### TASK DESCRIPTION
Without the images, write out the whole listing exactly.

### COLLECTED DATA
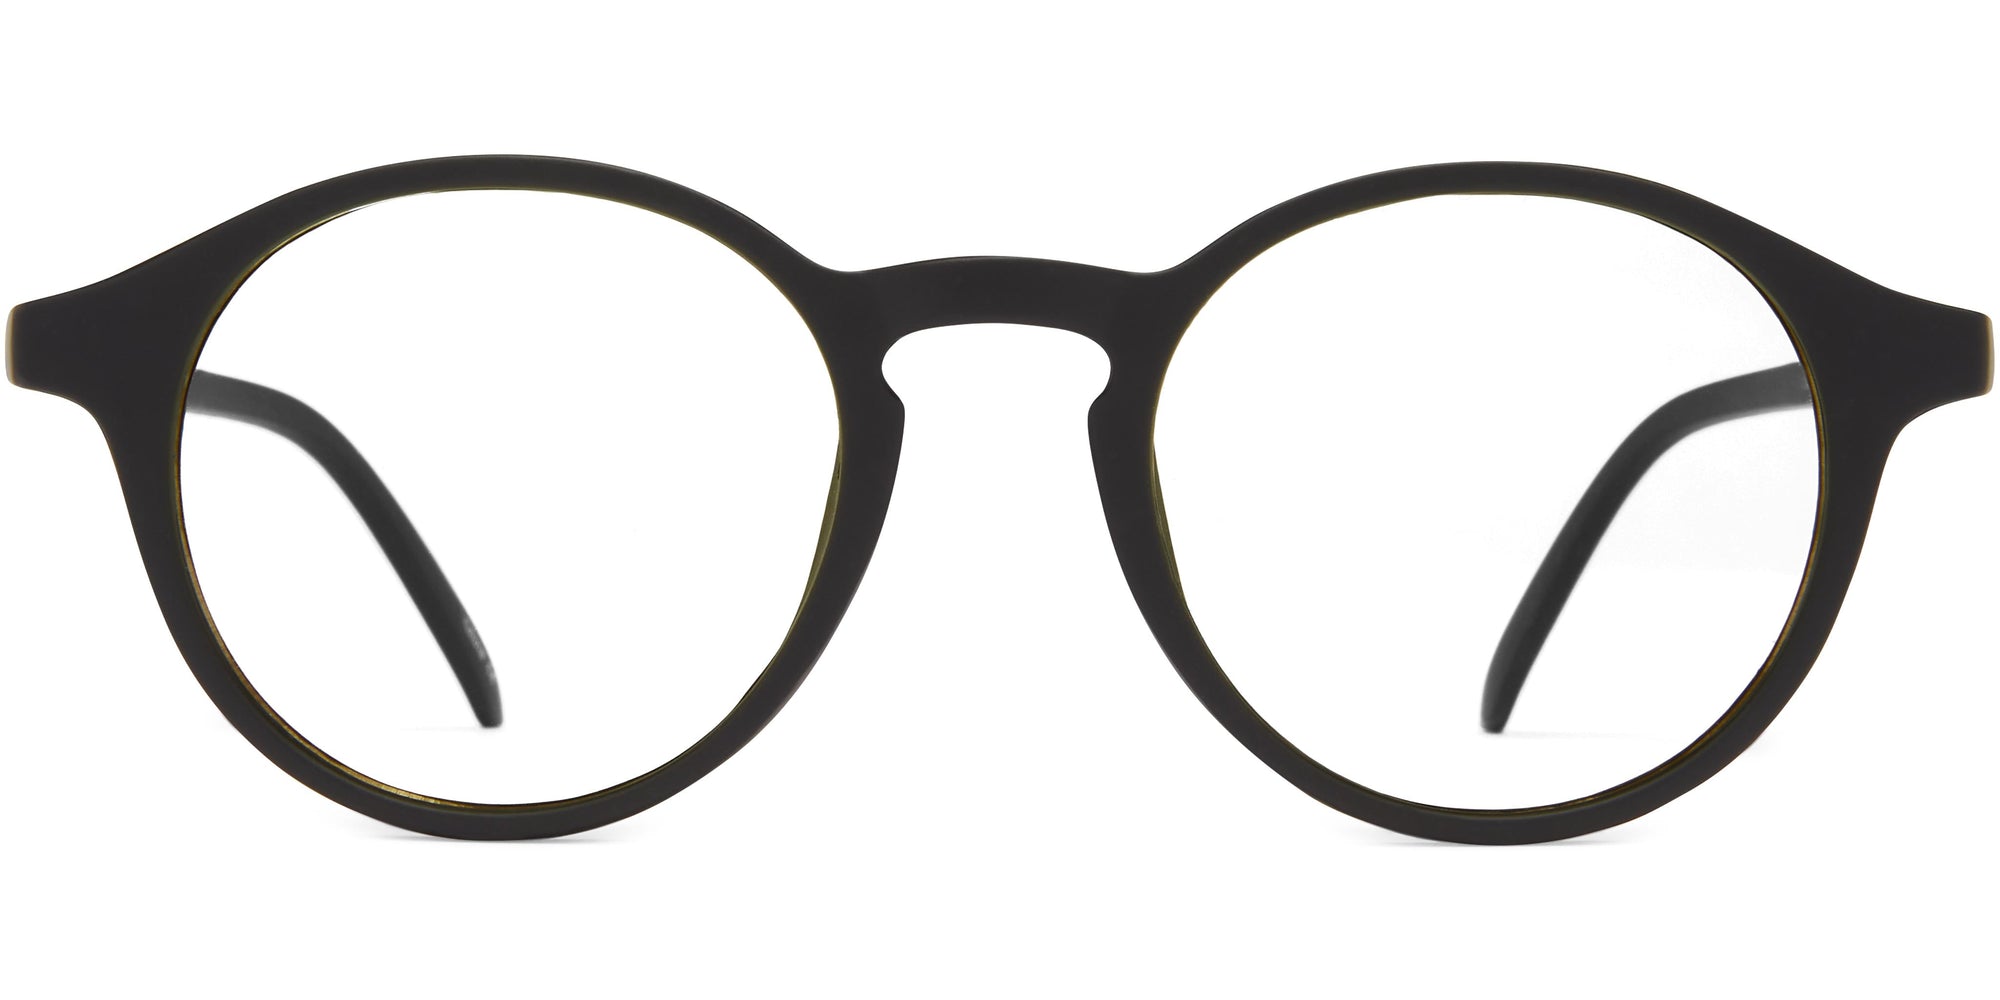 Rex - Black - Blue Light Glasses - Zero Magnification
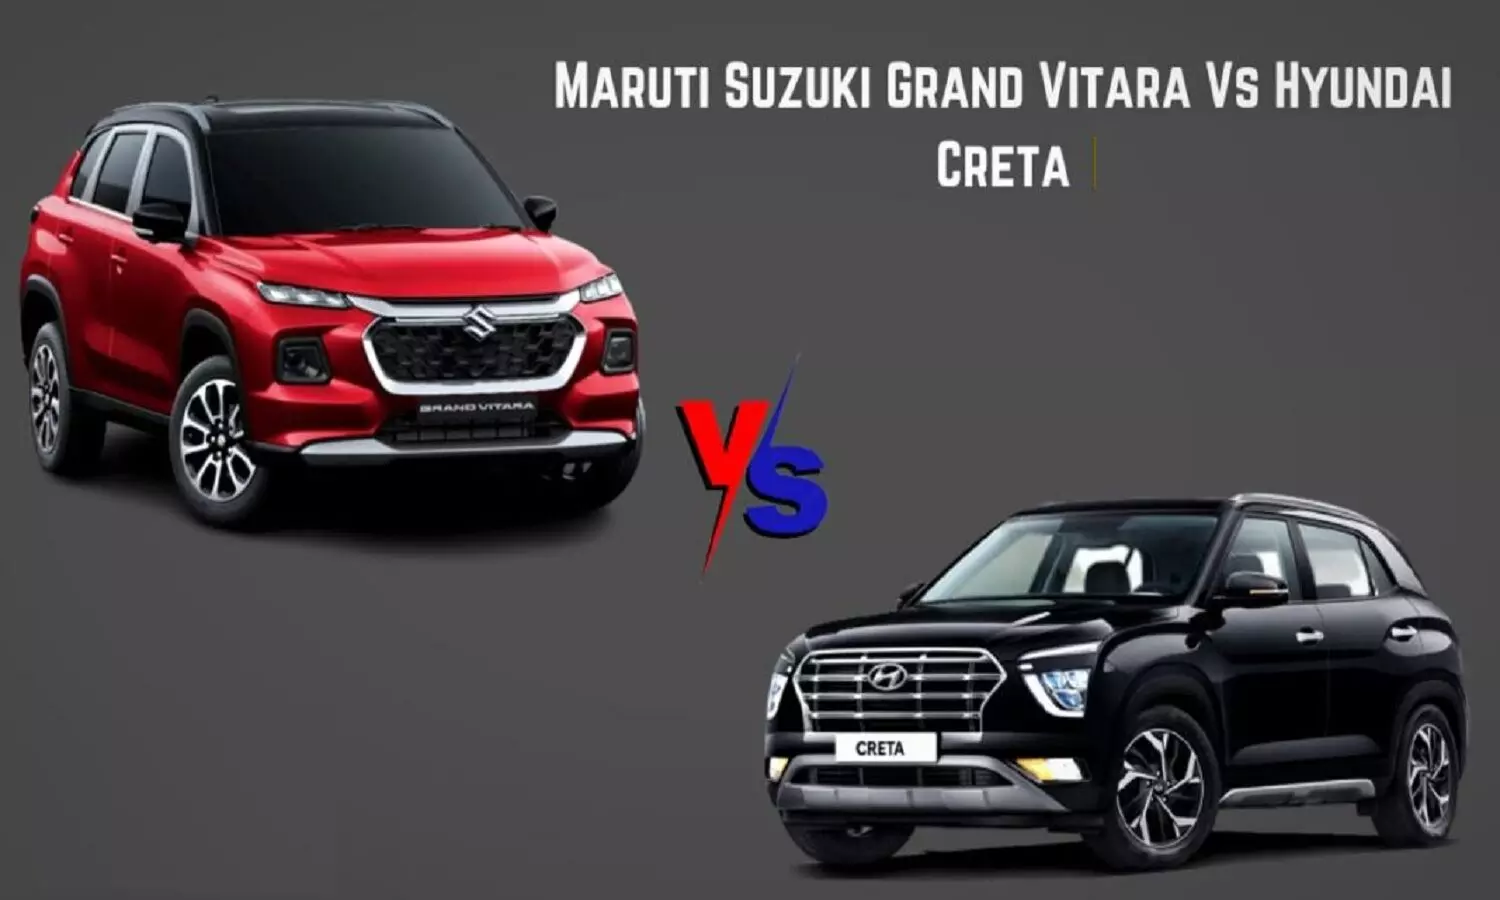 Hyundai Creta vs Maruti Grand Vitara Comparison : क्रेटा और ग्रैंड विटारा में कौन बेहतर है जानें डिटेल कम्पेरिजन
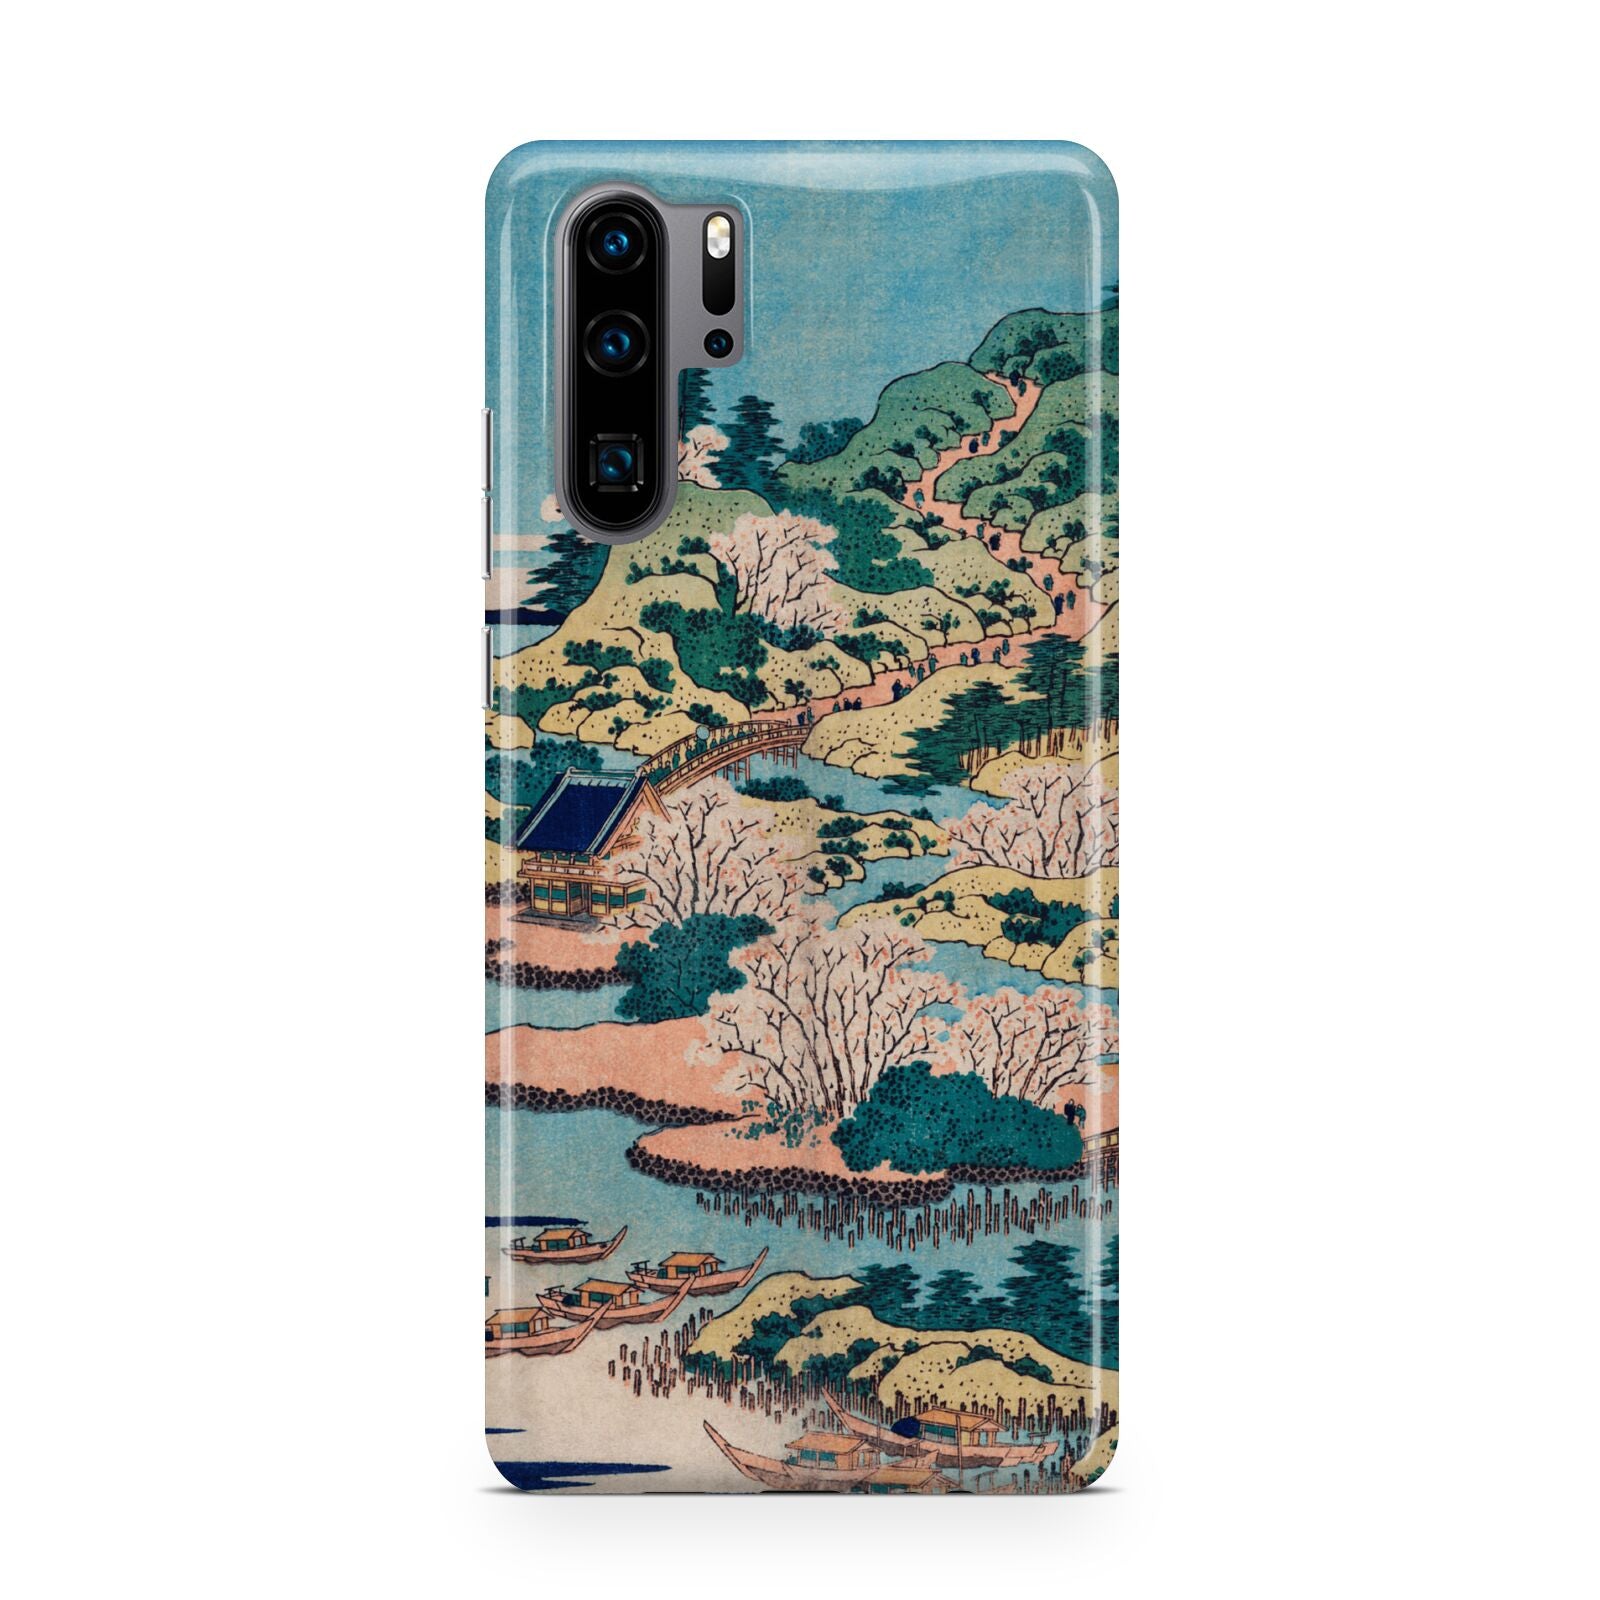 Coastal Community By Katsushika Hokusai Huawei P30 Pro Phone Case

### ANSWER TO THIS EXERCISE
 Rex - Black - Blue Light Glasses - Zero Magnification
 Hyundai Creta vs Maruti Grand Vitara Comparison : क्रेटा और ग्रैंड विटारा में कौन बेहतर है जानें डिटेल कम्पेरिजन
 Coastal Community By Katsushika Hokusai Huawei P30 Pro Phone Case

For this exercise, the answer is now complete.